Beelzebuddy
Penultimate Amazing
- Joined
- Jun 10, 2010
- Messages
- 10,580
I don't believe you can make that assumption. Experts don't use the term except in the general sense, and never when it might actually be applied to something. There is no definition that even they can agree on, as annnoid's copypasta states. That's why the term "correlates of consciousness" is so popular, it gets to talk about stuff kinda generally related to consciousness without actually having to precisely define it.Hey, I started this thread and decided what it's about. Read post #1 and the attached survey to find out what this thread is actually about.
I spun it off from the thread "Define consciousness for the layman," so I consider arguing the definition of conscious to be a derail. We are assuming the term to be adequately defined for the expert, but just not fully explained, since there's a prevailing intuition that it has supernatural or noncomputational basis.

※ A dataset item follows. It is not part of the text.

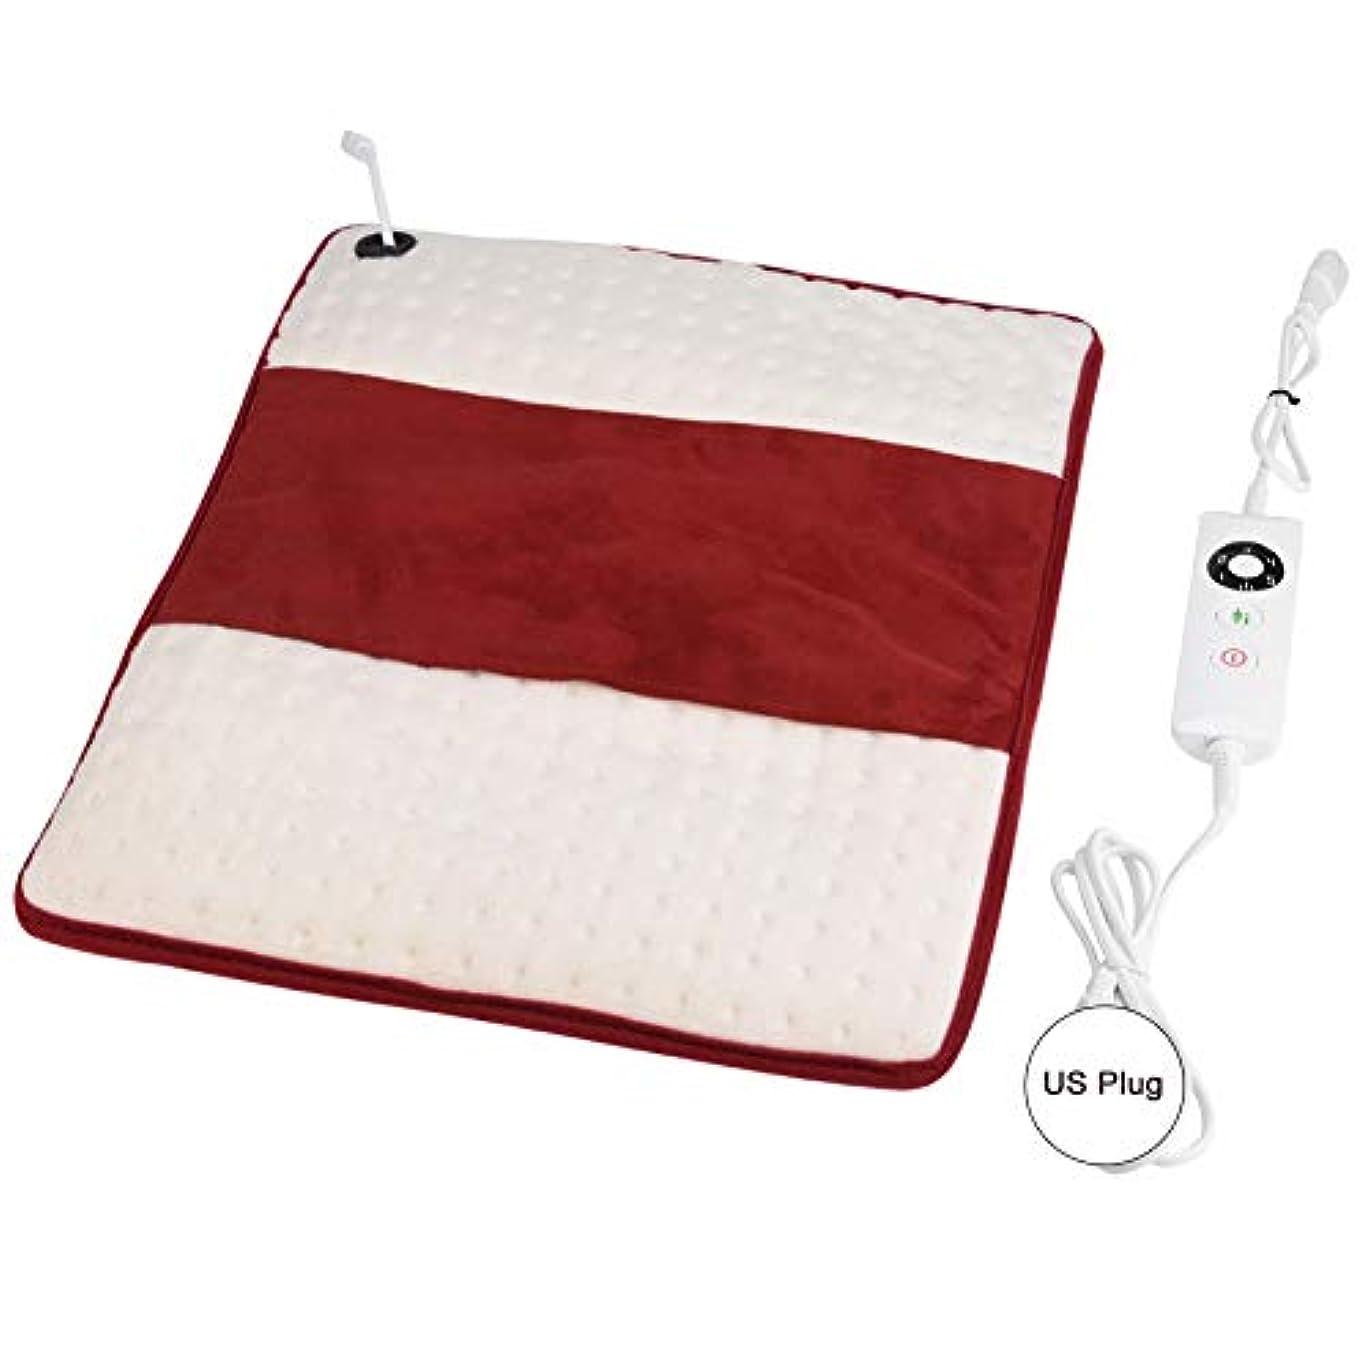 サルベージ服を洗うページェント電気暖房のパッド、多機能の電気暖房療法のパッドの洗濯できる腰痛の救助のマット(US Plug)

As for your attached paper, it's just the usual qualia ****. By its logic, I can solder a resistor onto my thermostat, label it "emotion" and my thermostat will be conscious. Which is fine, since it's just a setup for showing off the neural network architecture. If I were on his thesis committee I'd be a bit disappointed in the lack of practical results, but it is just a thesis. If I were given to baseless conjecture, I suspect the guy's probably already spent years working on this thing, he knows his stuff in that regard, it'd be unfair to deny him just because he got pulled into his advisor's big damn bloated software architecture.
[ETA] I should mention that I don't think "consciousness" implies anything supernatural or noncomputational, it's just vague. Defining it is like nailing a cloud to a wall.